Well, Nicki, I’m sure I’ve told you more that you ever really wanted (or needed) to know about the travels of Clan Morris since we left the hallowed halls of dear old CHS to seek our fortunes in other climes. If you wish to post this information on your blogspot, please feel free to do so. Or, if you prefer, you might edit this material to get rid of my verbose ramblings and post only what you consider to be essential items of information. Finally, you might decide not to post any of this, which I assure you will not offend me at all. I just wanted to check in with you and let you know that I have not forgotten my short stint as a teacher in Childress High School and that I have thought of the place and the people I met there very often in my life since I left in 1963.

I send you and Jim my very best wishes for a long life and good health and hope you will convey the same to any other of my former students who might remember me.

Sincerely,
Darryl Morris

1 comment:

Jennifer Johnston said...

Nicki, thanks for posting the update from Darryl Morris. I know that many in our class will be interested in it.
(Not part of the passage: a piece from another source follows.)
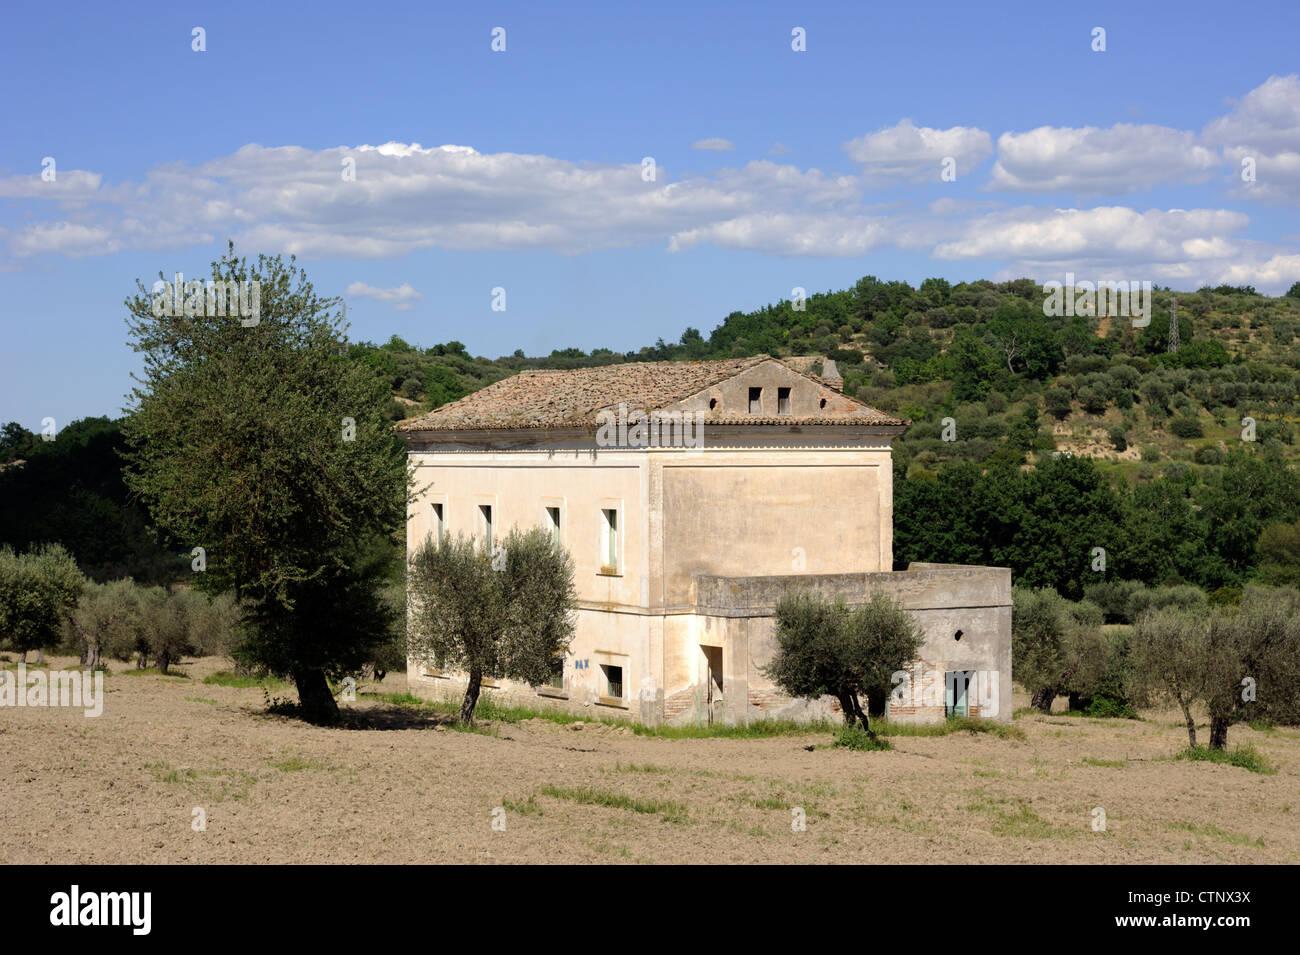 italy, basilicata, rural house - Stock Image

When I read his account of his family's terrifying experience on 9/11, that day came rushing back to me in all its horror, not that it is ever far from consciousness. But of course, my memories, and the memories of people who were not literally, personally involved with those shameful terrorist attacks, pale in comparison with those of the Morris family, uncertain for hours of the fate of a beloved daughter. I can only imagine, inadequately of course, the thoughts that must have gone through their minds ... of possible loss, of hope, of dread and fear ... until they received the news that Debra was safe. I remember Debra when she was a small child, while Mr. Morris was teaching at CHS. I recall her as an exceptionally bright and beautiful child ... although why wouldn't she be, given her lineage? It is no wonder that Mr. Morris, his family, and most of us in this country, even those who did not have such a personal experience, have very strong feelings about the terrorist threat we have lived with since then.

I have some memories from high school of several things Mr. Morris wrote, including his book of poetry, "Point of View" (containing, among other pieces, a poem called, I believe, "See the Blind Beggar"), and one of his short stories, "New Gear", which moved me to tears. I cannot help but wonder if he has used his considerable talents for evocation and imagery to speak of that dreadful day in September.

I also remember that Mr. Morris was fond of recalling (and wrote on the blackboard one day) a stanza from the Sara Teasdale poem, "Barter", which went:

"Spend all you have for loveliness,
Buy it and never count the cost;
For one white singing hour of peace
Count many a year of strife well lost,
And for a breath of ecstasy
Give all you have been, or could be."

That poem, Mr. Morris' work, and many other things he taught or opined in class have remained with me lo these many years. He was truly a great teacher, his self-deprecation to the contrary, and I wish him and all his family health, happiness, long life and joy.